The stacked bar chart represents the percentage representation of each type of accident occurring on different days of the week. Each color in the bars corresponds to a specific type of accident as indicated in the legend on the right.

#### Key Observations

- **Accident Diversity**: There is a diverse range of accidents happening every day, with collisions between vehicles and pedestrians being notably prevalent.
- **Weekend Trends**: On Saturday and Sunday, there's an observable increase in "Accident of another kind".
- **Midweek Patterns**: Collisions with another vehicle while changing lanes are more frequent during midweek.

#### Insights

This visual representation aids in quickly identifying patterns and anomalies related to accident occurrences on different weekdays. Such insights are crucial for implementing targeted safety measures to minimize specific types of accidents prevalent on particular days.
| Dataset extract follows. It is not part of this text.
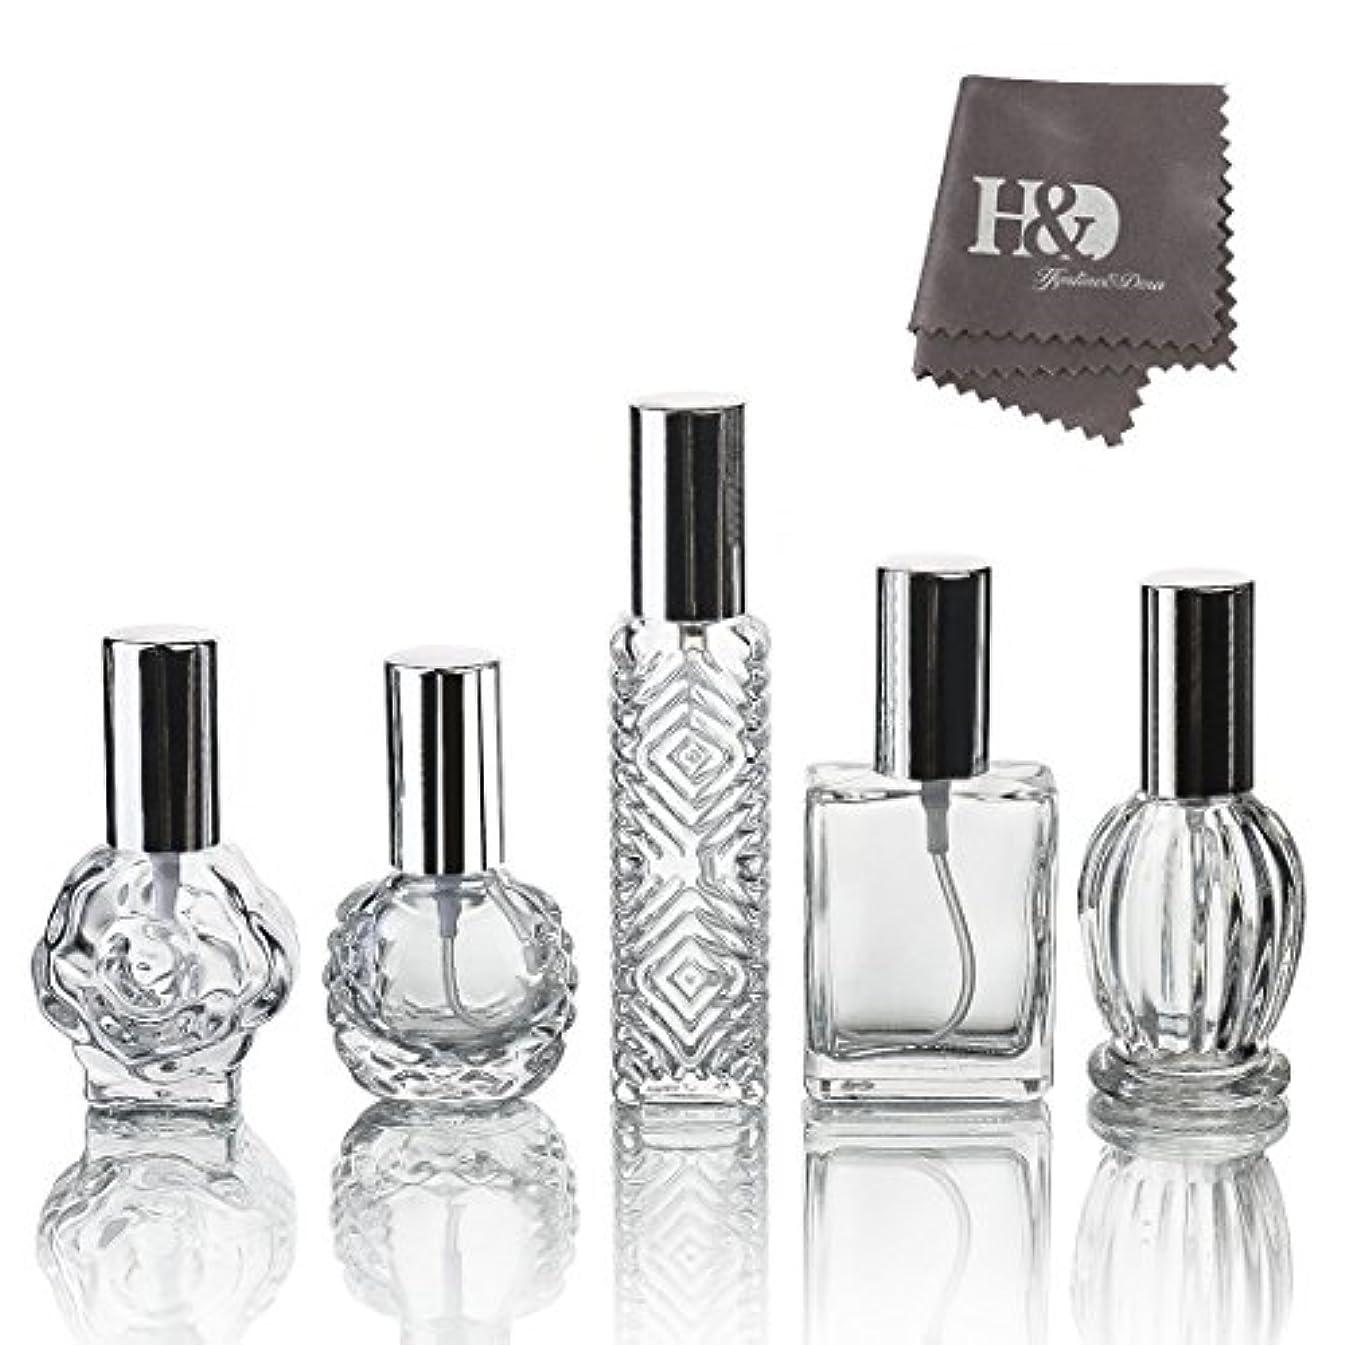 散逸押し下げる戦うH&D 5枚セット ガラスボトル 香水瓶 詰替用瓶 分け瓶 旅行用品 化粧水用瓶 装飾雑貨 ガラス製 (2)

# Accidents per Hour/Month

In [104]:
# Convert the 'point' column to string
accidentsKiel['point'] = accidentsKiel['point'].astype(str)

# Then create your chart
chart = alt.Chart(accidentsKiel).mark_rect().encode(
    x=alt.X('hour:O', title='Hour'),
    y=alt.Y('month:O', title='Month', sort=['January', 'February', 'March', 'April', 'May', 'June', 'July', 'August', 'September', 'October', 'November', 'December']),
    color=alt.Color('count():Q', title='Number of Accidents', scale=alt.Scale(scheme='redyellowblue', reverse=True)),
    tooltip=[alt.Tooltip('month:O', title='Month'), alt.Tooltip('hour:O', title='Hour'), alt.Tooltip('count():Q', title='Number of Accidents')]
).properties(
    title='Traffic Accidents in Kiel',
    width=600,
    height=400
).interactive()

# display chart
chart


### Interpretation of the Chart

The heatmap represents the frequency of traffic accidents in Kiel, categorized by month and hour of the day. The color intensity, ranging from blue (low) to red (high), indicates the number of accidents.

#### Key Observations

- **Nighttime Safety**: There is a significant reduction in accidents during the late night and early morning hours across all months.
- **April Afternoons**: In April, there is a noticeable spike in accidents around 15:00.
- **Consistency Across Months**: While there are variations, no single month stands out as having a significantly higher overall rate of accidents.

#### Insights

This visual data provides an understanding of when traffic accidents are most likely to occur in Kiel. It can be instrumental for law enforcement and city planners to implement safety measures, manage traffic flow, and perhaps increase patrols during high-risk hours or months. This information can also be useful for drivers, who can adjust their driving habits during these high-risk times to ensure their safety. 

Please note that the outlined cells in the heatmap seem significant, but without additional context or a legend for these outlines, their meaning is unclear. If these outlines represent additional data or highlight specific points of interest, including this information in the chart's tooltip or legend would be beneficial for the viewer.